A Levrero llegué por Ariel Bermani. Bermani es uno de los responsables de la editorial, un tipo macanudo, uno de mis maestros.
Estoy en el Centro Cultural Rojas, Conejos presenta la edición argentina de Conversaciones con Mario Levrero, de Pablo Silva Olazábal.
A Pablo Silva Olazábal llegué por Levrero. Silva Olazábal nació en Fray Bentos, Uruguay, en 1964. Es escritor y periodista cultural. Tiene un programa diario dedicado a libros y escritores.
Importa cómo llegan los libros porque se lee con la marca de esa experiencia. Leí Chicos Malos, de Osvaldo Bossi, con el eco de su voz grave, tal vez trágica, en la presentación “Si pudiera sacarte de la droga… / pero no puedo / (…) / En lugar de eso, te acompaño a comprar”.
A un costado del escenario, está Mambo vendiendo los libros de Conejos. Mambo es Pablo Rivas, encargado del diseño editorial, autor de la portada de Conversaciones con Mario Levrero. Una tapa bien Levrero: honda e informal. Compro La sucesión, de Cynthia Edul porque una amiga me dijo: tenes que leer ese libro, habla del padre y el casino, como la novela que vos estas escribiendo. El de Olazábal con Levrero no lo compro. Todavía no. Como un desafío a la capacidad de la presentación de acercar libro y lector.

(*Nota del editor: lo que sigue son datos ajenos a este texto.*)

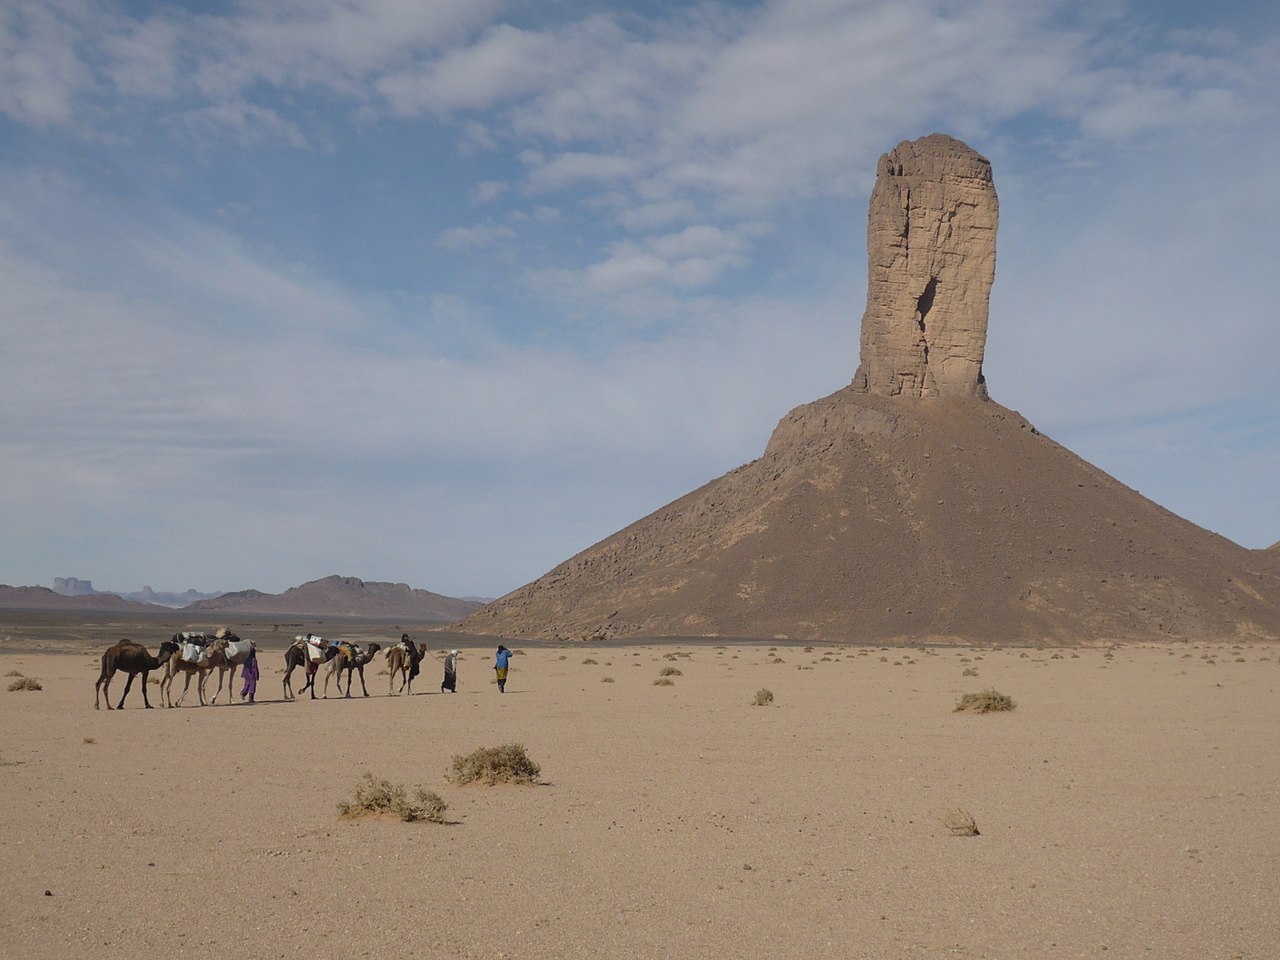 Ostanets en el Sahara, creado por la meteorización de roca

Me encuentro con Valeria Iglesias, autora, entre otros, de Correo sentimental (Ed. Pánico el pánico) y codirectora de Outsider, otra editorial convencida de que la buena literatura está por fuera de la solemnidad, que los eventos literarios pueden ser algo divertido, con música y alcohol. Me presenta a Juan José Burzi, lo conozco porque leí Sueños del hombre elefante (Gárgola). Es obvio que vinimos por el vino, decimos los tres, cuando parece que todo está por comenzar.
En el escenario, además de Silva Olazábal, están los cuatro editores que forman Conejos: Bermani, Bruzo Szister, Facundo Soto y Paula Brecciaroli, que abre la presentación. Conversaciones con Mario Levrero estaba editado en Uruguay y Chile. Siempre que alguien viajaba a Uruguay, aprovechaban para encargarle uno o dos ejemplares que luego circulaban de casa en casa, casi siempre con el mismo comentario: ¿viste lo bueno que está ese libro? El tráfico hormiga terminó cuando se plantearon la posibilidad de editarlo y facilitar el acceso argentino a un libro lleno de perlas levrerianas.
“Cuando el autor sabe demasiado sobre el argumento, a veces se apura a contarlo, y la literatura va quedando por el camino”. (Otro de mis maestros, se trenzaría a debatir esta idea)
“Cuánto más tiempo pasa entre la escritura y la corrección, tanto más fácil es la corrección”
“Ser escritor no significa escribir bien (…) sino estar dispuesto a lidiar durante toda la vida con tus demonios interiores”
“Siempre dije que los escritores son unos tipos desgraciados y amargados, mientras que los pintores son tipos felices. (…) A veces, para salir de alguna depresión, me da por salir a la calle con “la mirada del pintor”; tratar de ver el mundo como espacios, formas, colores, sin discriminar otra cosa. Y da buenísimos resultados”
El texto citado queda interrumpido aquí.